A team from KU’s computer science and engineering department is tops at an international artificial intelligence (AI) question answering challenge, beating Google
Professor Jaewoo Kang’s research team develops an AI question answering (QA) model for the biomedical domain
BioBERT, an AI model pre-trained on 18 million biomedical articles
The team’s BioBERT article published in Bioinformatics, the world’s leading journal in bioinformatics
▲ PhD student Wonjin Yoon (Korea University), Professor Georgios Paliouras (BioASQ organizer),
and graduate student Minbyul Jeong (Korea University),
from left to right, pose for a commemorative photo at the BioASQ Awards.
A research team of the KU Computer Science and Engineering Department (President Jin Taek Chung) won the BioASQ challenge, an international competition for AI models that answer biomedical questions, defeating the Google team and last year’s winner, the Fudan University team. The five-member KU team consists of graduate students Wonjin Yoon, Jinhyuk Lee, Donghyeon Kim, and Minbyul Jeong and their supervisor, Professor Jaewoo Kang.
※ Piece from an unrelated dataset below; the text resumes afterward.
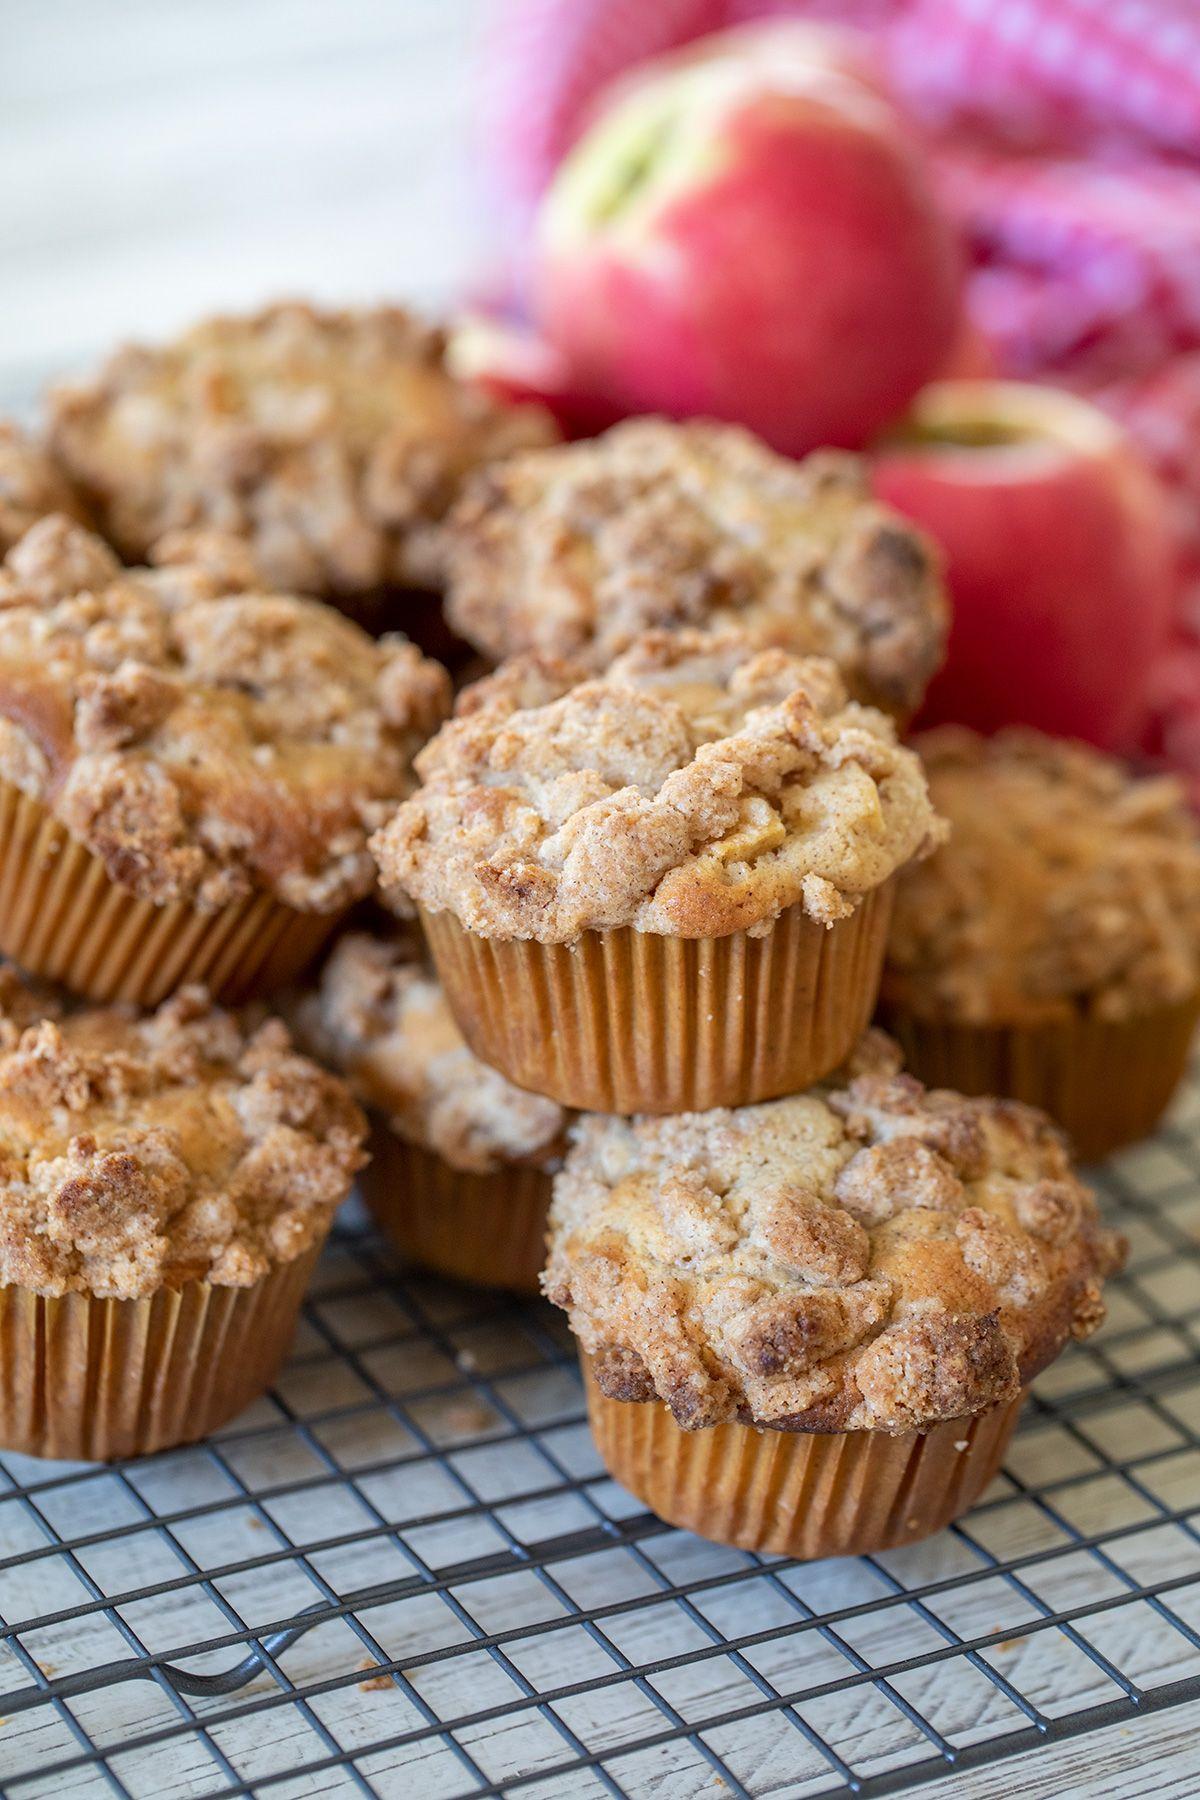 Apple Cinnamon Streusel Muffins In 2020 Cinnamon Streusel Muffins Muffin Streusel Apple Cinnamon Streusel Muffins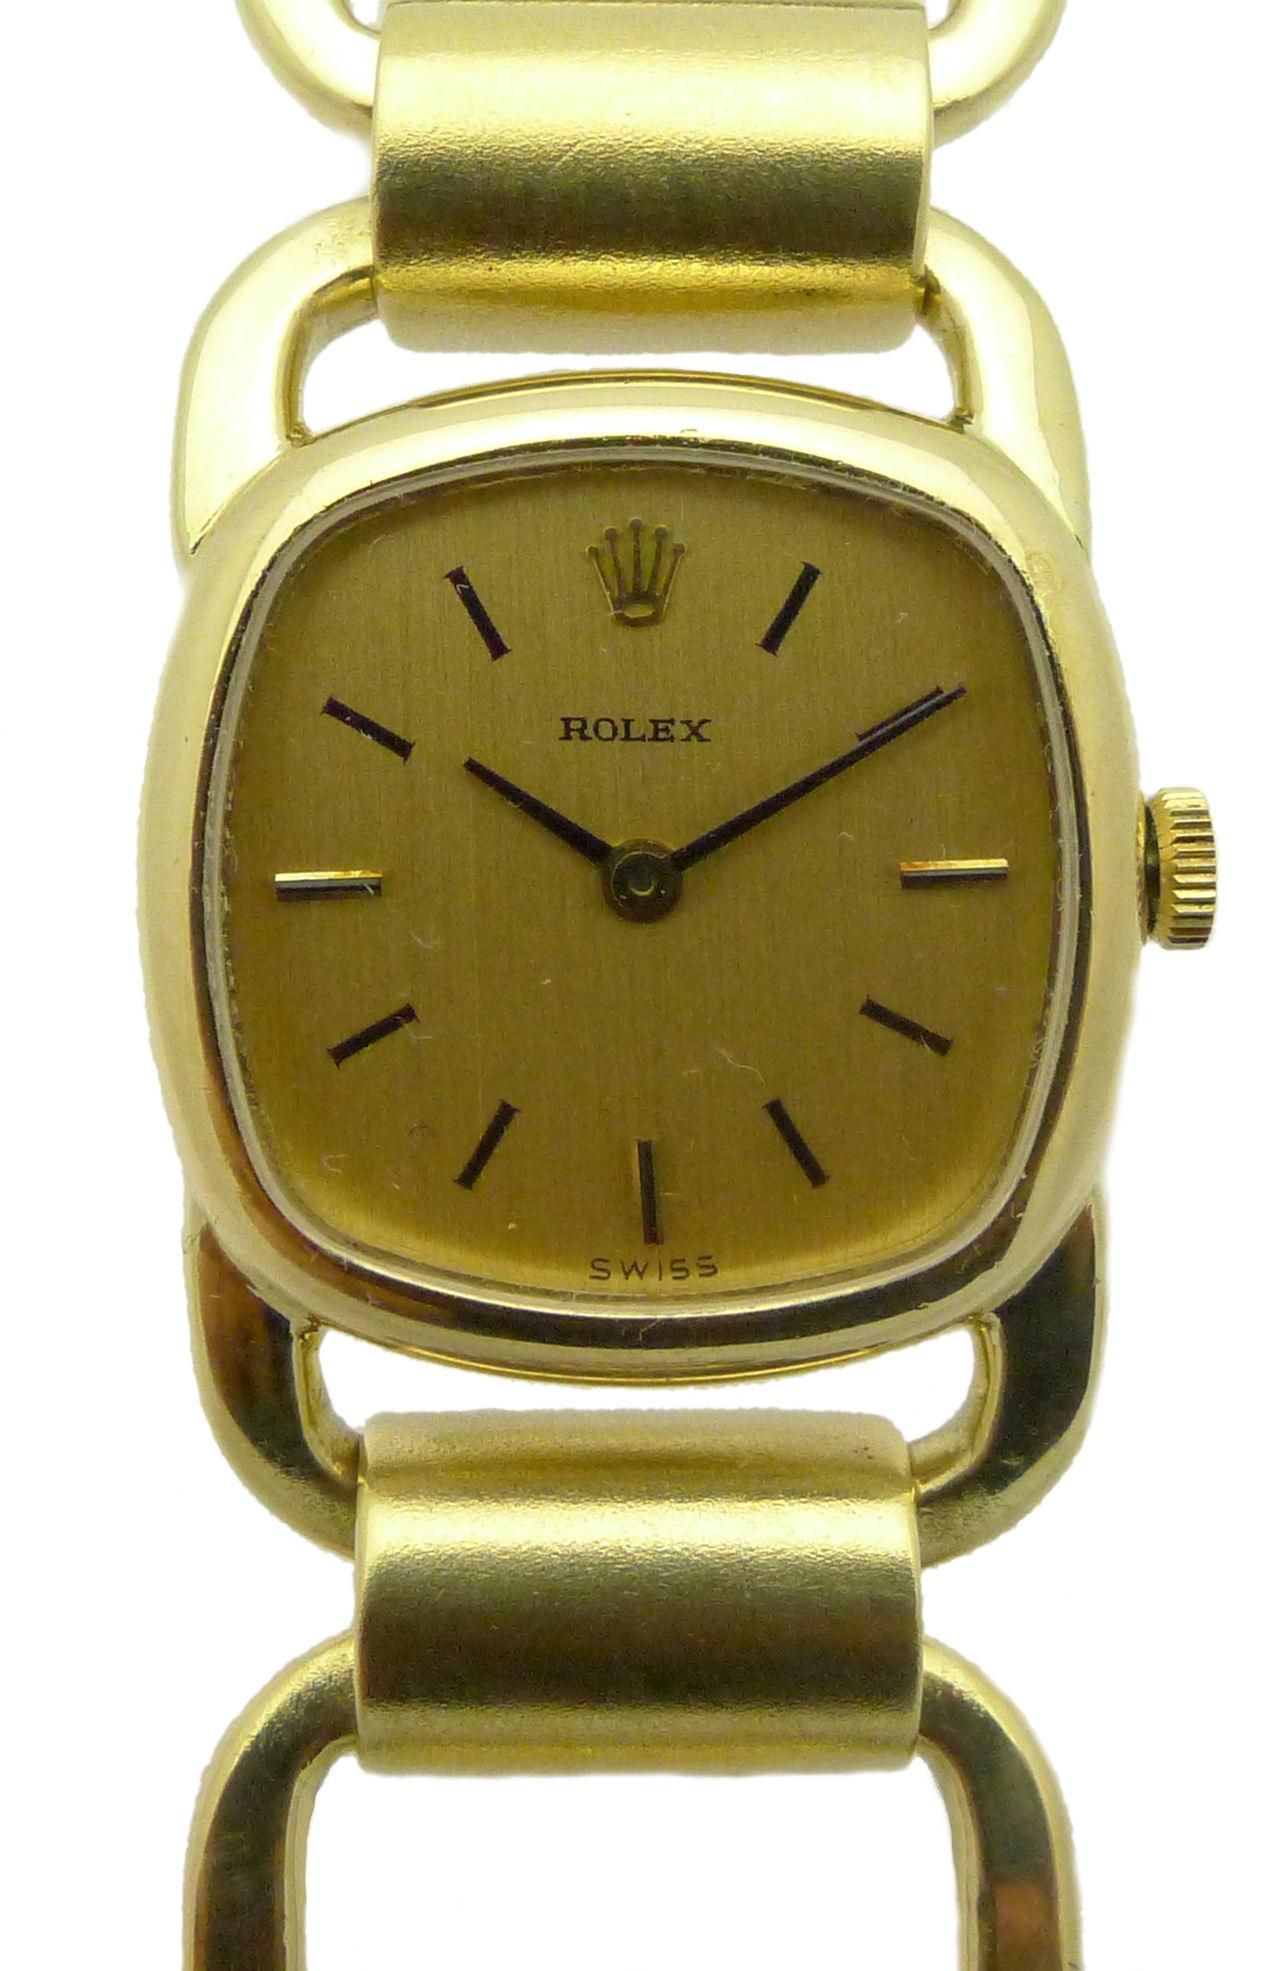 rolex designer armbanduhr aus den 1970er jahren massiv 18ct gold damen ebay. Black Bedroom Furniture Sets. Home Design Ideas

Celebrating its 7th anniversary this year, the BioASQ challenge is the oldest annual competitive event for biomedical QA systems and is sponsored by Google, the U.S. National Institutes of Health (NIH) and the European Union (EU). The BioASQ 7b Phase B challenge, in which the team participated, consists of questions to which answers can be found in a given article.
For example, in the challenge, an article about colon cancer is provided and the team is asked, "What are the gene mutations involved in the recurrence of colon cancer?" Results are evaluated using the correct answer predetermined by experts and are announced via a review by the experts.
The KU team’s success was thanks to the AI model BioBERT, which is an extension for the biomedical domain of the deep learning-based Bidirectional Encoder Representations from Transformers (BERT) model, developed through a collaboration between Professor Kang’s team (jointly led by Dr. Jinhyuk Lee and PhD student Wonjin Yoon) and Naver Corp.’s Clova AI Research team (Researcher Sungdong Kim)
The BioBERT model is designed to understand the meaning of words in the context of a sentence. Pre-training on 18 million biomedical articles is performed for the model to acquire contextual information of the words necessary to understand articles requiring domain-specific knowledge. Based on such information, the model finds answers to biomedical questions in a given paper.
The BioBERT paper was officially published in Bioinformatics, the world’s most prestigious journal in bioinformatics, in August. Since its initial internet publication in late January, the article has been cited more than 40 times, a very unusual record of citations for an article before official publication. It is also drawing extensive attention from academics and others, being cited by the world’s leaders in AI research such as Google, Carnegie Mellon University (CMU), and AllenAI.
Professor Kang's research team (Wonjin Yoon, Jinhyuk Lee, Donghyeon Kim and Minbyul Jeong) participated in the BioASQ event after optimizing the model for the challenge and ranked first on all five tests, outperforming the Google team and the defending champion Fudan University team. The final results of the competition are available at http://bioasq.org/participate/seventh-challenge-winners.
This study has great implications in that it significantly improved the performance of the existing biomedical QA system by pre-training it on biomedical corpora. Expectations are high that this model can lead to the development of a clinically meaningful decision support tool.
The results of the challenge were announced at the BioASQ workshop held on September 20 in Wurzburg, Germany, garnering much attention from the wider academic community and industry, including Google and global pharmaceutical companies.